The commitment to undertake these mitigation measures is enforced by a cooperation
agreement that the applicant must enter into with the BRA.

       Within most areas of the city, Large Project Review applies to projects that entail:

       •    addition of 50,000 or more square feet of gross floor area
       •    change of the use of a gross floor area of 100,000 or more square feet (in the
            Downtown)


1
    Portions of this summary are excerpted from relevant sections of Article 80 and from the BRA publication
    entitled, “A Citizens Guide to Development Review under Article 80 of the Boston Zoning Code.”
2
    Capitalized words and phrases used in this article have the meanings set forth in Article 2A of the Boston
    Zoning Code.
       •    change of the use of a gross floor area of 50,000 or more square feet (in the
            Neighborhoods and in the Harborpark);
       •    substantial rehabilitation of a building which has or will have 100,000 or more
            square feet of gross floor area.
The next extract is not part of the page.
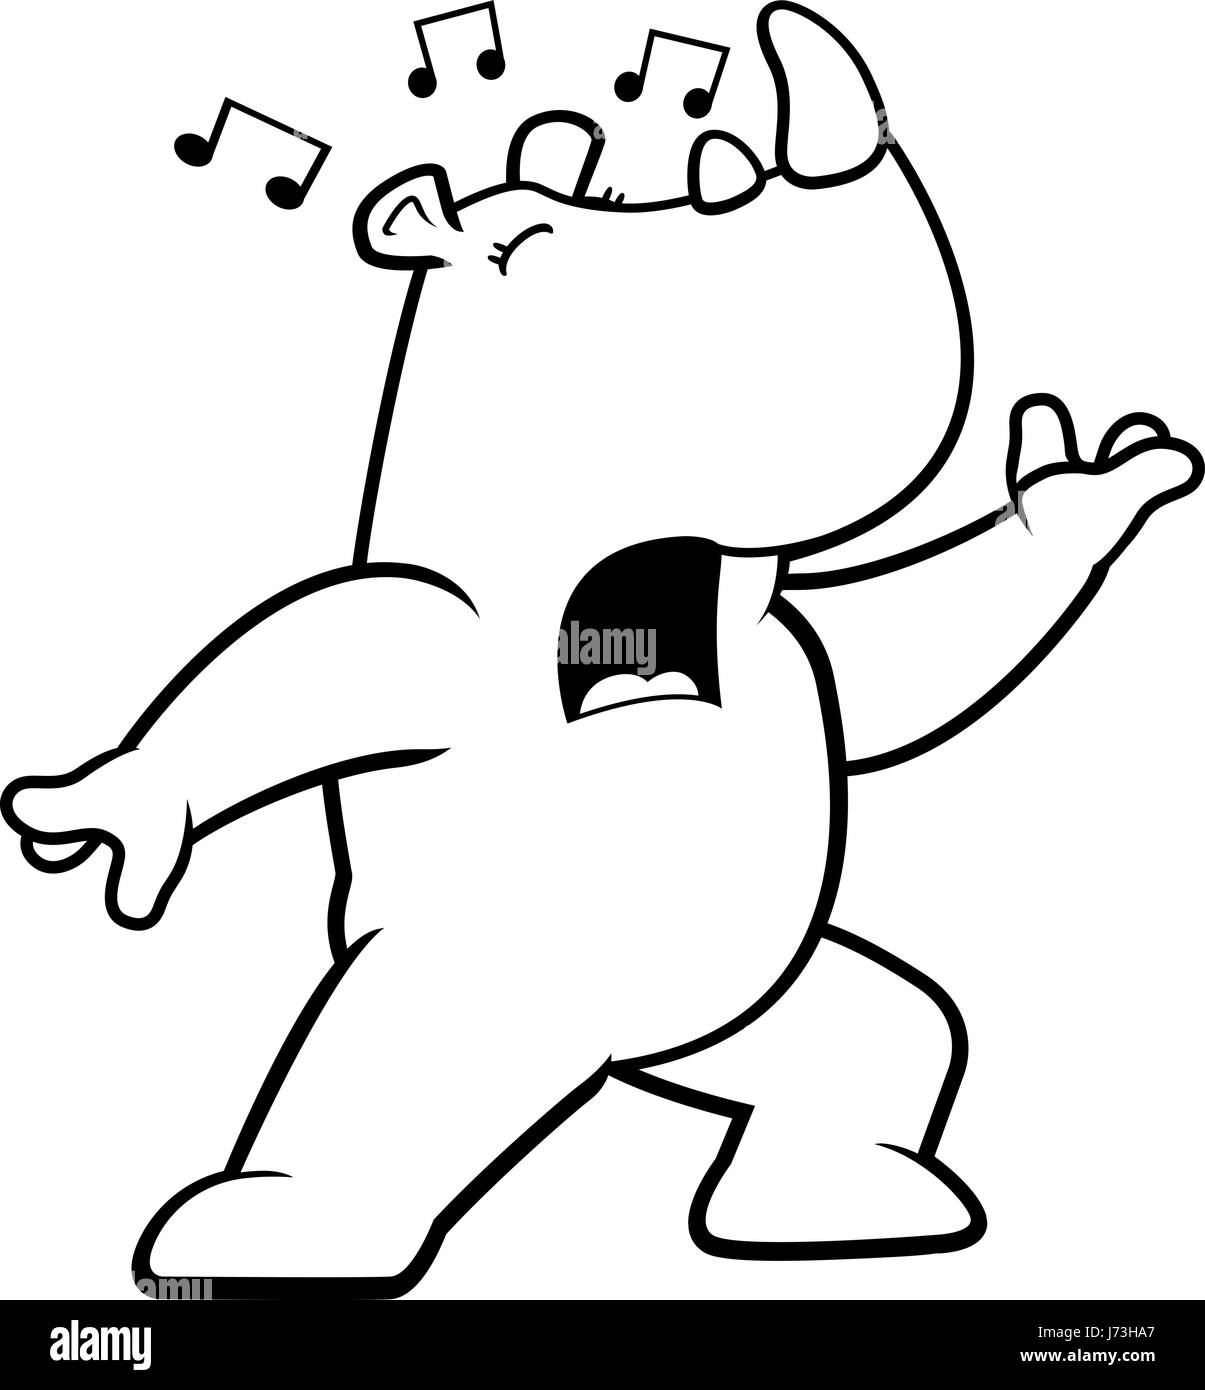 Una caricatura de Rhino y permanente cantando una canción. Ilustración del Vector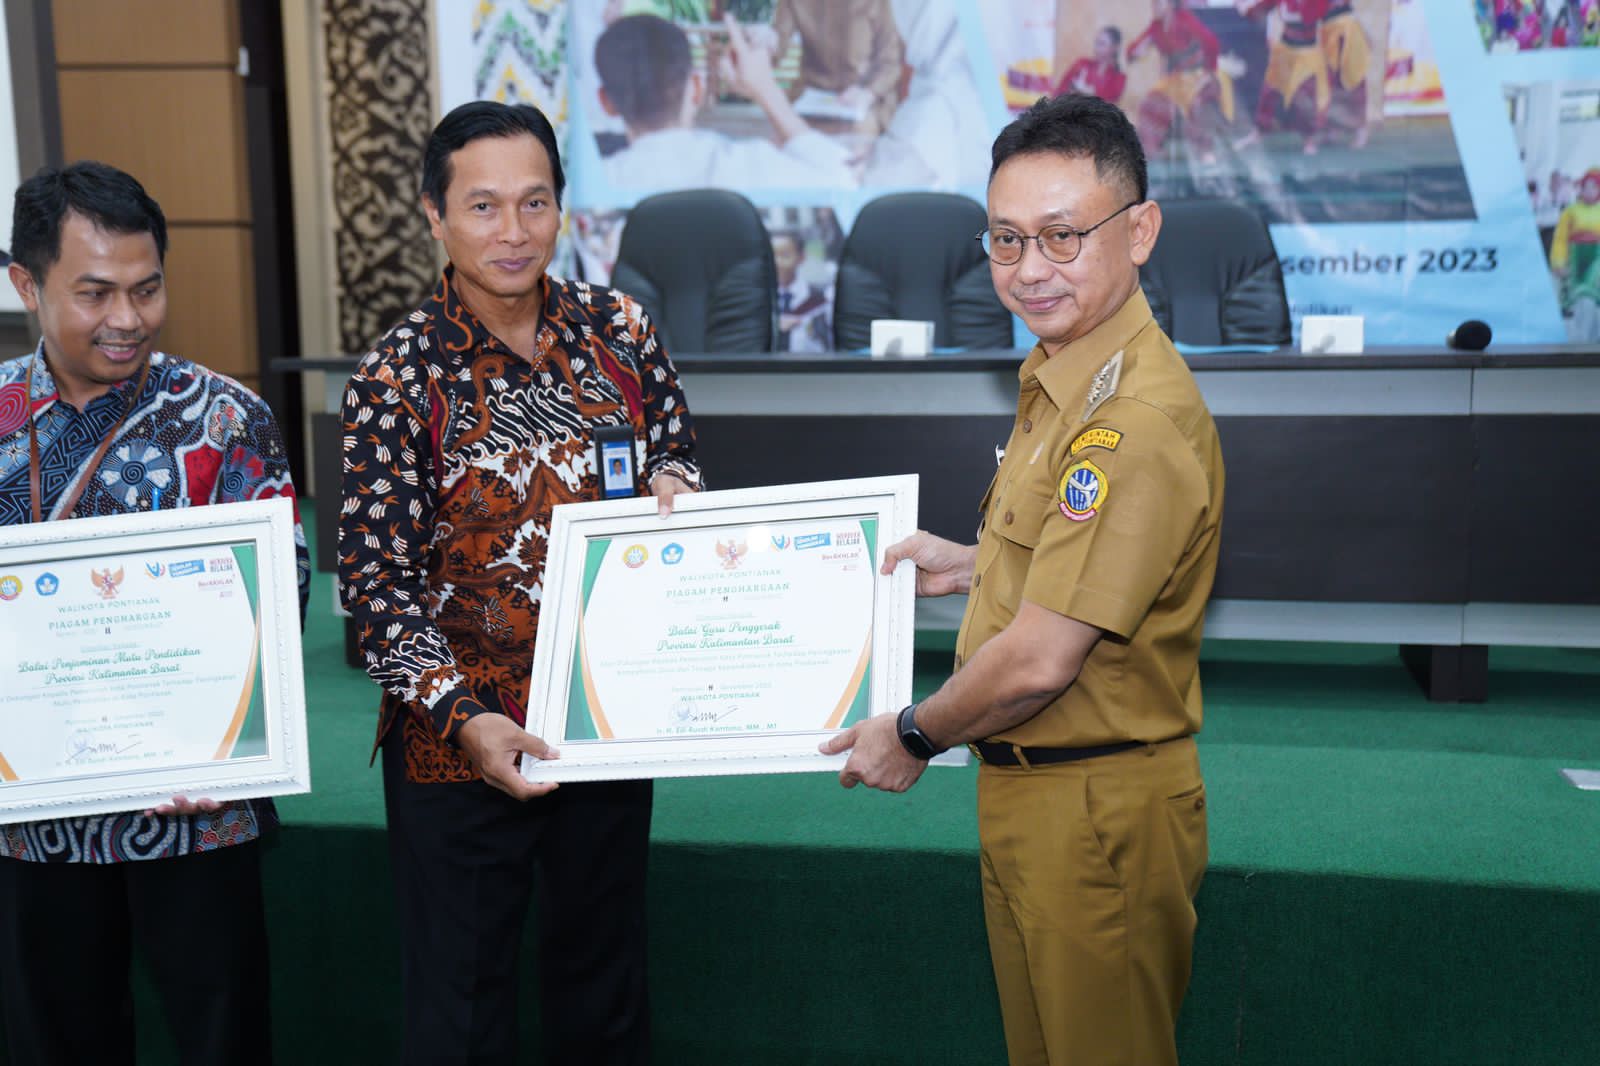 Wali Kota Pontianak, Edi Rusdi Kamtono menyerahkan piagam penghargaan kepada instansi atas dukungannya pada dunia pendidikan dan kebudayaan. (Foto: Kominfo/Prokopim Pontianak)

       Within the Harborpark, Large Project Review applies to smaller projects that entail:

       •    addition of 10,000 or more square feet of gross floor area
       •    alteration of 1,000 square feet or more of any Pier or shoreline.

       Small Project Review (See Section 80E-2)

        The purpose of Small Project Review is to provide BRA staff review of projects that
do not require Large Project Review but that can be expected to affect the surrounding area
and public realm because of their size or location. Small Project Review has three separate
components: (1) design, (2) site plan and (3) comprehensive sign design.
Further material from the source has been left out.